-- SUPPLIED DATA --
☆ ☆ ☆ ☆

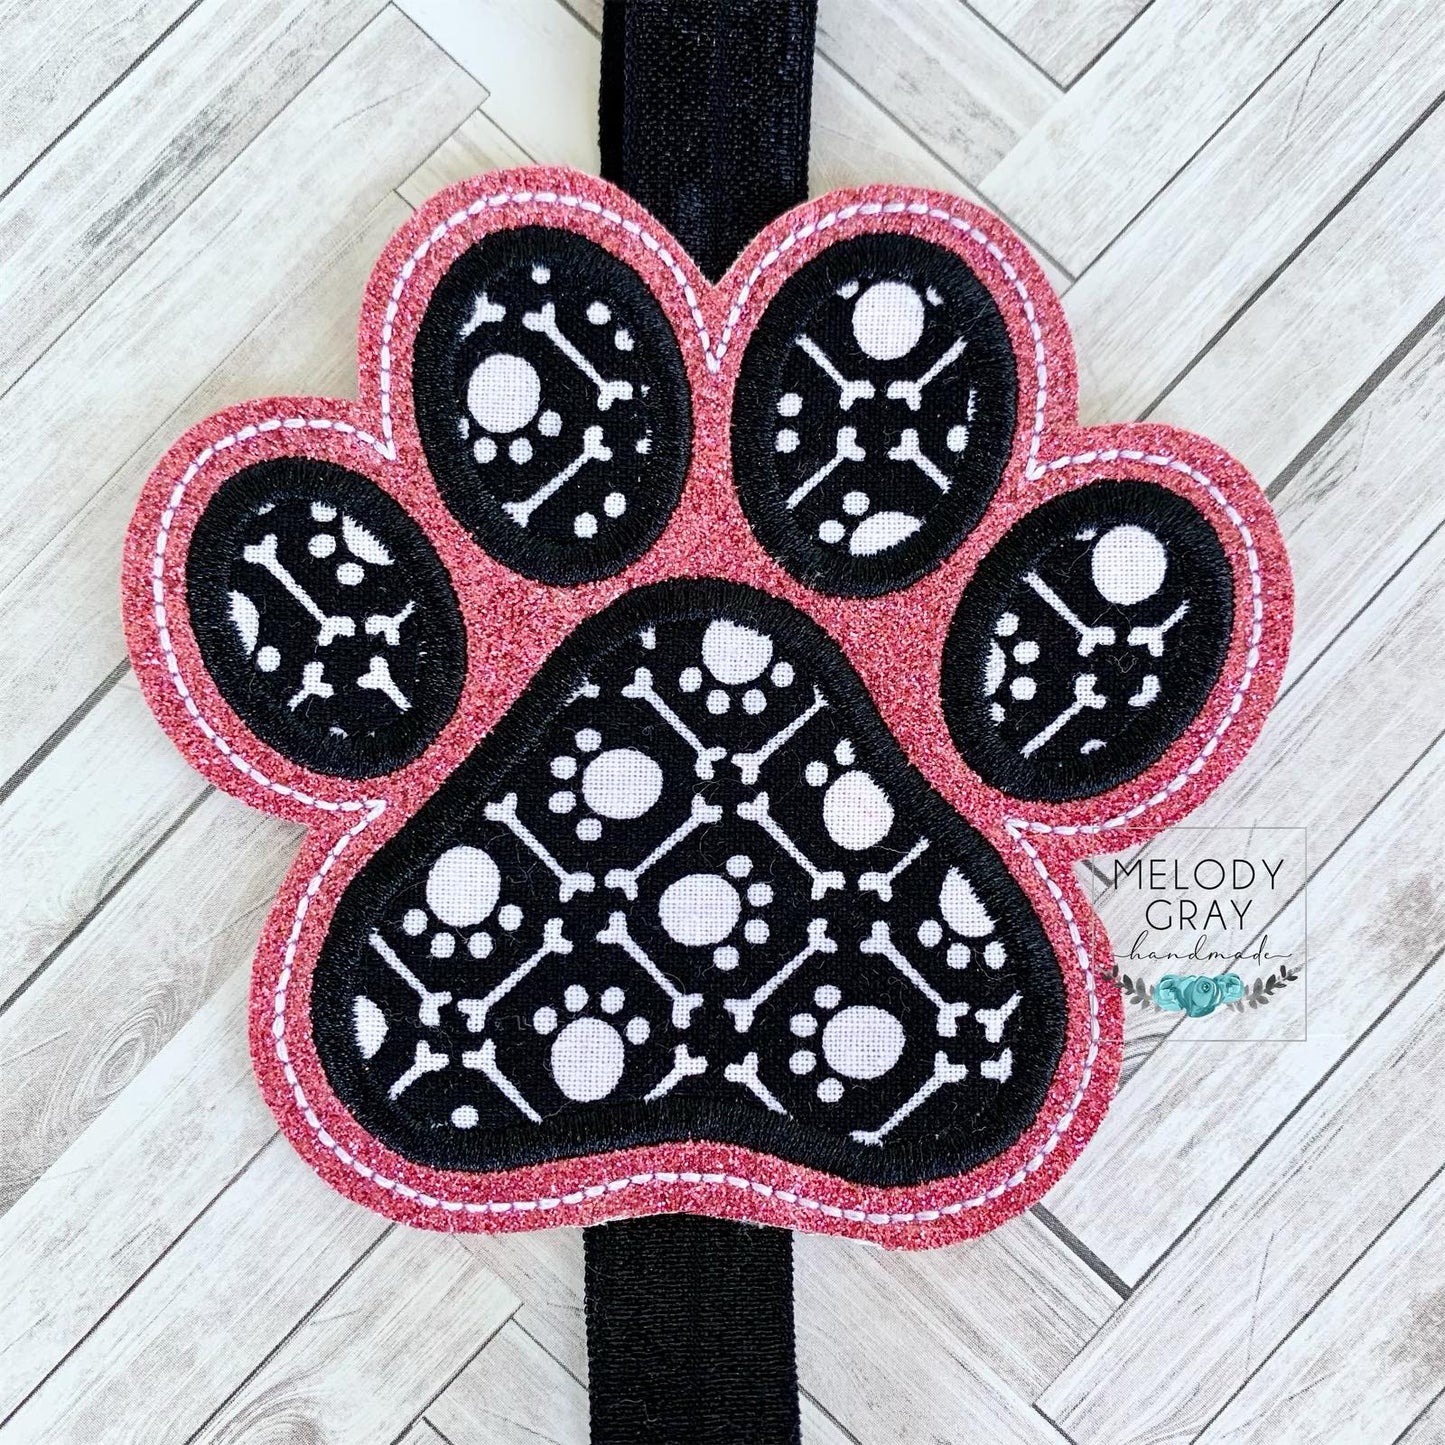 Paw Print Applique Book Band - Embroidery Design, Digital File
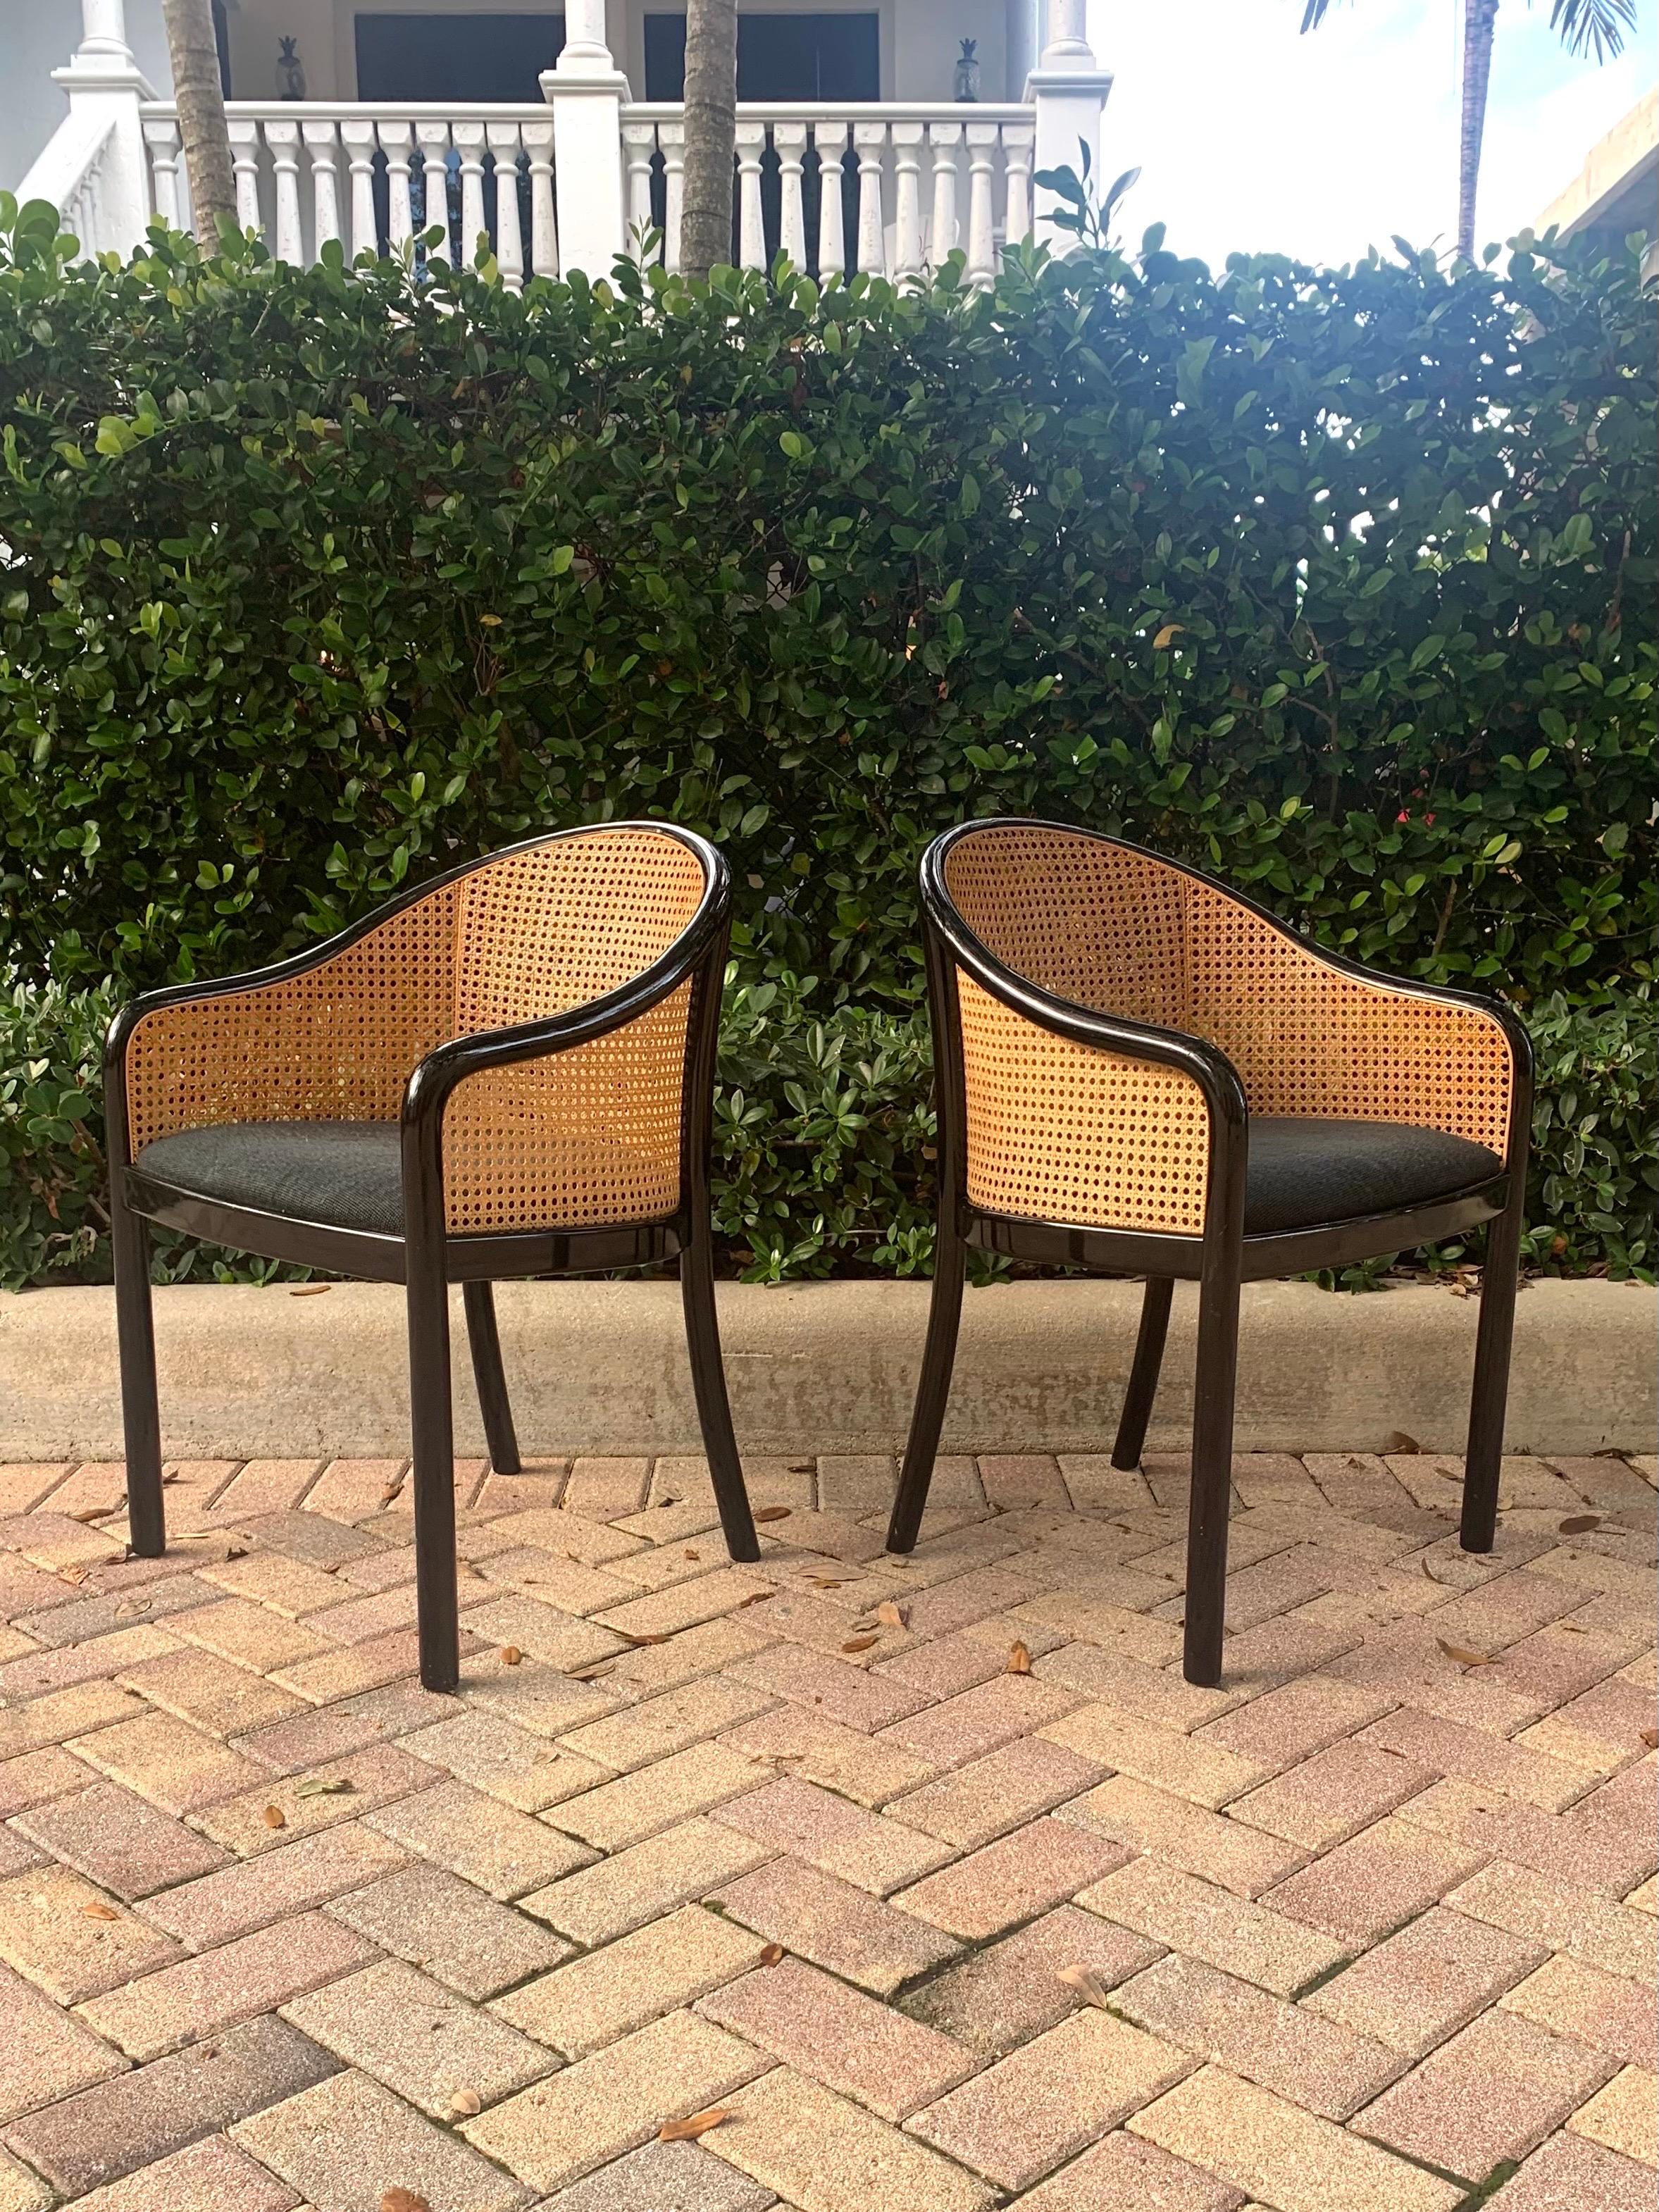 Beautiful pair of chairs based on Ward Bennett’s Landmark chair. In black lacquered wood and cane. With an upholstered cushion. Structure and cane are in great shape. 

With its simple flowing shape and cane back and sides the chairs effortlessly

☆ ☆ ☆ ☆

-- EXERCISE REQUIREMENTS --
Could you reproduce exactly the lines from the first line of the listing through the line containing "Beautiful pair of", both included, with pictures left out?

-- YOUR SOLUTION --
 Paw Print Applique Book Band - Embroidery Design, Digital File
 Beautiful pair of chairs based on Ward Bennett’s Landmark chair. In black lacquered wood and cane. With an upholstered cushion. Structure and cane are in great shape. 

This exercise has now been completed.